**DESCRIPTION OF THE TASK**
Look in the material below for the line with "This artwork was" and the line with "board structure and", then set down exactly those two lines and all lines between, nothing more.

**DATA LISTING**
'''
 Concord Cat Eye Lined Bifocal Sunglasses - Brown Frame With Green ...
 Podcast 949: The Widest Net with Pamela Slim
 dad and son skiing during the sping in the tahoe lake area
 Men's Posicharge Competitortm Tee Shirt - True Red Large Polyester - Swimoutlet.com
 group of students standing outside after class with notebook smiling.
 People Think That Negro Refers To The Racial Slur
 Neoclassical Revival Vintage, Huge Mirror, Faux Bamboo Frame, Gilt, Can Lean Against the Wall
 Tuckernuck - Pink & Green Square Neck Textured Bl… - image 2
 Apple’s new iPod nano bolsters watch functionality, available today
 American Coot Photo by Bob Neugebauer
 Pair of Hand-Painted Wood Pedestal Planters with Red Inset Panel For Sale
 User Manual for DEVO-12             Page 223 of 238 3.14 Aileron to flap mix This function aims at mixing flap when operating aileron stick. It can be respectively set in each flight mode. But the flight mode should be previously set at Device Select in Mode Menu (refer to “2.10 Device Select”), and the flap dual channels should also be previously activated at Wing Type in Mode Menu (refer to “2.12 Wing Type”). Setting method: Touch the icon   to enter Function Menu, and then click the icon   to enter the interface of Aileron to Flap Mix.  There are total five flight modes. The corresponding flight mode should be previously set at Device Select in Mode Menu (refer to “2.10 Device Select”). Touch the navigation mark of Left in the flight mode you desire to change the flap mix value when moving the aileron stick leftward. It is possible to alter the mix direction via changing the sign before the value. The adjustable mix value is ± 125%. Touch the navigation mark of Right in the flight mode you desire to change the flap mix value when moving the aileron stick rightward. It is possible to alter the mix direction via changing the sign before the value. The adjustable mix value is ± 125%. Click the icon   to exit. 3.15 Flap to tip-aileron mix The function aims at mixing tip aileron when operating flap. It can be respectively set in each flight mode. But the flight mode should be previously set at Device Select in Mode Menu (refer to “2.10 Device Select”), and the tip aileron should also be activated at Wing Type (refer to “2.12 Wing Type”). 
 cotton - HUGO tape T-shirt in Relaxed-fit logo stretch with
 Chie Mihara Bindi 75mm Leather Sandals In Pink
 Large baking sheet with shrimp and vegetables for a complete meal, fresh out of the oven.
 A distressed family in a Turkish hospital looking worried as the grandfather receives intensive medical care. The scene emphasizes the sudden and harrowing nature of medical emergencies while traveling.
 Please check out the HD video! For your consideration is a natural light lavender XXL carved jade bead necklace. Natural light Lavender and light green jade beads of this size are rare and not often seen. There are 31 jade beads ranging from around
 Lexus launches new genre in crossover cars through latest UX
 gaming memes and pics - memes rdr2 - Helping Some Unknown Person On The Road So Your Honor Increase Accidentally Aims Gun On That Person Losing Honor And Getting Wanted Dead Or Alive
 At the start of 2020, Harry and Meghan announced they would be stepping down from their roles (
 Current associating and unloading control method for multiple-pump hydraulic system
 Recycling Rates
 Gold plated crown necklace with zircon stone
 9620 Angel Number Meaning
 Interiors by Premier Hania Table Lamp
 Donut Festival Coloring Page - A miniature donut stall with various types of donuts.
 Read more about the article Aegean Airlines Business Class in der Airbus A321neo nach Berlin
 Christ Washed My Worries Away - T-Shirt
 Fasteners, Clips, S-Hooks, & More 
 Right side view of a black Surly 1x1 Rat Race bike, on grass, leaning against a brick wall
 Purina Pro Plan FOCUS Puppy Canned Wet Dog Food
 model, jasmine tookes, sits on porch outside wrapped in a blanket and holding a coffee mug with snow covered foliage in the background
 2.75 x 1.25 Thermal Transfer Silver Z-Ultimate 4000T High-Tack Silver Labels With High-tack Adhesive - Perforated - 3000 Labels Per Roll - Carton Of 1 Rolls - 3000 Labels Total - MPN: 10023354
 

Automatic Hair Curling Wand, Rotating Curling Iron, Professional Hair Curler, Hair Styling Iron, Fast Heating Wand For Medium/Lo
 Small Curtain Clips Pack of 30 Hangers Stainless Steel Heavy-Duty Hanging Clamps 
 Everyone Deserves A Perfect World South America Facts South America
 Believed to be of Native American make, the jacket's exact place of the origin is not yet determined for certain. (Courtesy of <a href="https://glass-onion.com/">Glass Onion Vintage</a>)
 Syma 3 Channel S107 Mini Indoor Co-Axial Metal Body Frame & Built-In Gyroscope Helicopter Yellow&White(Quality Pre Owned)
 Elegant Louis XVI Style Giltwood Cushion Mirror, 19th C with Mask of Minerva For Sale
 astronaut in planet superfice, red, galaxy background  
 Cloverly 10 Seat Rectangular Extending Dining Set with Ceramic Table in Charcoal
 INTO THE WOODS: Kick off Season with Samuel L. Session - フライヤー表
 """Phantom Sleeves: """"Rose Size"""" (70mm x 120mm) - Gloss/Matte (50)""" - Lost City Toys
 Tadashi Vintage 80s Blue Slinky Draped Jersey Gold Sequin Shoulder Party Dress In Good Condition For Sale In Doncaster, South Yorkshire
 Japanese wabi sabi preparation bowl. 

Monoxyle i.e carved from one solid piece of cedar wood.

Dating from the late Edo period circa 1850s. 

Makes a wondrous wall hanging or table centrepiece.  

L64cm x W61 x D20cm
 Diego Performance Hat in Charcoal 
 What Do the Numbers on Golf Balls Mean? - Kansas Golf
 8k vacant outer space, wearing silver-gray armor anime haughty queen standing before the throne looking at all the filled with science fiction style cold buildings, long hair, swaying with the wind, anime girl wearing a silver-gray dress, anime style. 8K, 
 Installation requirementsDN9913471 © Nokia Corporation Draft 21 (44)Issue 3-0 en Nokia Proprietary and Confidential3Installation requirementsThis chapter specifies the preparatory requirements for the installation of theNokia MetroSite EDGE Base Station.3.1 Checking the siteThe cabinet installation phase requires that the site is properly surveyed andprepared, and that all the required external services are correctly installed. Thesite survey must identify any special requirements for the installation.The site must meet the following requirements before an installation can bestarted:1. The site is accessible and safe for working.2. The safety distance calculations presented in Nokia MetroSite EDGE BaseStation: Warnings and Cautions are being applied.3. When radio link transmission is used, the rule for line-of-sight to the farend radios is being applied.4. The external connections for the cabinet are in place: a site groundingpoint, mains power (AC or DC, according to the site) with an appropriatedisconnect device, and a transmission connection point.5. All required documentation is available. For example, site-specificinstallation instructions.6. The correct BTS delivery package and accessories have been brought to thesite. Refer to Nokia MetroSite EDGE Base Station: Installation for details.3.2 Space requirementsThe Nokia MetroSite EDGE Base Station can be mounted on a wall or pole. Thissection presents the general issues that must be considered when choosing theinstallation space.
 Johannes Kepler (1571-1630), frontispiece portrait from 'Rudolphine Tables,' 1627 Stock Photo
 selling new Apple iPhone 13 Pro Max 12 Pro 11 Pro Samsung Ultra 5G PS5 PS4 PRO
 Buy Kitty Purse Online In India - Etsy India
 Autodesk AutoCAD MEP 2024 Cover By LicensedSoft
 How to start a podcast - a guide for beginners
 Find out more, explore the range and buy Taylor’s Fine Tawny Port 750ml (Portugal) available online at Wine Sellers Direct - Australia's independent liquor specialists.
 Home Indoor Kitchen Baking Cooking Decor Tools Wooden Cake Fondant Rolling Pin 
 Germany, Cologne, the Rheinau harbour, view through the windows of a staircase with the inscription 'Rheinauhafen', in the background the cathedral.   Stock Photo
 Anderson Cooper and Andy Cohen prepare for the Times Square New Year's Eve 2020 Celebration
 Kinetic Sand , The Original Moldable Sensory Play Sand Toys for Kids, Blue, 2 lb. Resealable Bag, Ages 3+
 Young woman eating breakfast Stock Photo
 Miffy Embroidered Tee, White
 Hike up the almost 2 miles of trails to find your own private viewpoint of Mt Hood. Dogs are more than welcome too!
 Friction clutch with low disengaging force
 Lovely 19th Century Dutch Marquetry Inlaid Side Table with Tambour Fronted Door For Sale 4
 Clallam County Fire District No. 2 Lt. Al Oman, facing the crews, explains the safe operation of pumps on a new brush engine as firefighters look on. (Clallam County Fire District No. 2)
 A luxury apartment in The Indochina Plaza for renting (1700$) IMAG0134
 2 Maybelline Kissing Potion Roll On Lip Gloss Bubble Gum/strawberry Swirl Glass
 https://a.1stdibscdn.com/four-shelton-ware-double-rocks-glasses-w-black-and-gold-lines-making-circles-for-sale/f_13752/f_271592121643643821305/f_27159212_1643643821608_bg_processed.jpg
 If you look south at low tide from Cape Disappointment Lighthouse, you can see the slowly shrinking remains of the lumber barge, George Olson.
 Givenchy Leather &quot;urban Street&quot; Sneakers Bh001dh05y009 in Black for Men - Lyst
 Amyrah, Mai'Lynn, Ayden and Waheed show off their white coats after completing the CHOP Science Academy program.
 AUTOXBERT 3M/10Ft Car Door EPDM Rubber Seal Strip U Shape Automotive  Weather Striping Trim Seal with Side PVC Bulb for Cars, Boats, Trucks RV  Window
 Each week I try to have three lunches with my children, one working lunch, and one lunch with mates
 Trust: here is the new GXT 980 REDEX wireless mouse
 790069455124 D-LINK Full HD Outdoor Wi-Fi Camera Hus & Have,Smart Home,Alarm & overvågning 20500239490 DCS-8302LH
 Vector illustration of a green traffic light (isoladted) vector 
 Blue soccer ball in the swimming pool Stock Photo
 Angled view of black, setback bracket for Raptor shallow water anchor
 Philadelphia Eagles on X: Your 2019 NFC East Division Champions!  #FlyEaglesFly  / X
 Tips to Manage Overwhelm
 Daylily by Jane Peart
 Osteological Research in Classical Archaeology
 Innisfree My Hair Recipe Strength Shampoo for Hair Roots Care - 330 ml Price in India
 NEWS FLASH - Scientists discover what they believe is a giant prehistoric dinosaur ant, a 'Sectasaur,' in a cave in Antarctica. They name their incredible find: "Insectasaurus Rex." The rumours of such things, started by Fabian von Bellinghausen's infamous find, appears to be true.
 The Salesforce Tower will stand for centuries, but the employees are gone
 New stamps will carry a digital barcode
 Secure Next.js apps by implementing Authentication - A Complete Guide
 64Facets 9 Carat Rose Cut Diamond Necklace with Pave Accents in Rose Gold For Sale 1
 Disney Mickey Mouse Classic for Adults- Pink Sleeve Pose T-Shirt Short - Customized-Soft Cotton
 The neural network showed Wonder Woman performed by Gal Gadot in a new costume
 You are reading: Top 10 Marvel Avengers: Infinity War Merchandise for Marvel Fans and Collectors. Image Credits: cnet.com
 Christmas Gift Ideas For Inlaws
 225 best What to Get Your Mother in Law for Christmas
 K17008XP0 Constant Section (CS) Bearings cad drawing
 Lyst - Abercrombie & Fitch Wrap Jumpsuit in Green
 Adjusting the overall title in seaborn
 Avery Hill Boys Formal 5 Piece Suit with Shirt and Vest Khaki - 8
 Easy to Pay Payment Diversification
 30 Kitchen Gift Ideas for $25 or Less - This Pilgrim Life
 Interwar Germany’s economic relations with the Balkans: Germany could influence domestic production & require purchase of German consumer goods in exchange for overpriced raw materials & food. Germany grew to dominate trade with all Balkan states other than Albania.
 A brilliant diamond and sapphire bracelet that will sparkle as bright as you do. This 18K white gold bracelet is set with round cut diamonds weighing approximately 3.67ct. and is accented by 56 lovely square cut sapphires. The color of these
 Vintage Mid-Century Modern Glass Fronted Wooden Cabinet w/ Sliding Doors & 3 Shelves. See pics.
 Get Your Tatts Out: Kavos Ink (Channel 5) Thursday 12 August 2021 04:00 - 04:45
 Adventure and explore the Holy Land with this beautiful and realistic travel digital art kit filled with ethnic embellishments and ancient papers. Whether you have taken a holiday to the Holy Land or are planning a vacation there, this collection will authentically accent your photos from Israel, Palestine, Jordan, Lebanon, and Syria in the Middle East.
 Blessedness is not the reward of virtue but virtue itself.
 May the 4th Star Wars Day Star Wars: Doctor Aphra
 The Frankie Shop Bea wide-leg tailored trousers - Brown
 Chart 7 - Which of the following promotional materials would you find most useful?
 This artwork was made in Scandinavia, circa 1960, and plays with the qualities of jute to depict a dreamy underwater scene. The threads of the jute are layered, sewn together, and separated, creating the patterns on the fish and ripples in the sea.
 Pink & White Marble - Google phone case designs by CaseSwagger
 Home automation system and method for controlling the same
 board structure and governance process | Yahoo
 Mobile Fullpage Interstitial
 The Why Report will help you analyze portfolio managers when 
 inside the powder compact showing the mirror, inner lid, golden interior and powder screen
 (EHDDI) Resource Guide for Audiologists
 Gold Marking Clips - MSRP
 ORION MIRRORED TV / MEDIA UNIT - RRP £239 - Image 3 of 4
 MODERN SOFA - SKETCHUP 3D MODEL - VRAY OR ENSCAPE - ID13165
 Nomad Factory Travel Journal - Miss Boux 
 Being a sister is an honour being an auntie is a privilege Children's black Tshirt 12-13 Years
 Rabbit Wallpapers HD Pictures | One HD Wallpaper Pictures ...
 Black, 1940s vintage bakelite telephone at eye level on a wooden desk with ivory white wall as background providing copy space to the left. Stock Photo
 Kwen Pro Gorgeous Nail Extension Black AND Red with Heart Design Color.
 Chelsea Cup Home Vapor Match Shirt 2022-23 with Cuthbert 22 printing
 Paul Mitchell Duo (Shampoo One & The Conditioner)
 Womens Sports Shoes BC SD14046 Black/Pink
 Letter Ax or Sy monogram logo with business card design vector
'''
**WRITTEN SOLUTION**
 This artwork was made in Scandinavia, circa 1960, and plays with the qualities of jute to depict a dreamy underwater scene. The threads of the jute are layered, sewn together, and separated, creating the patterns on the fish and ripples in the sea.
 Pink & White Marble - Google phone case designs by CaseSwagger
 Home automation system and method for controlling the same
 board structure and governance process | Yahoo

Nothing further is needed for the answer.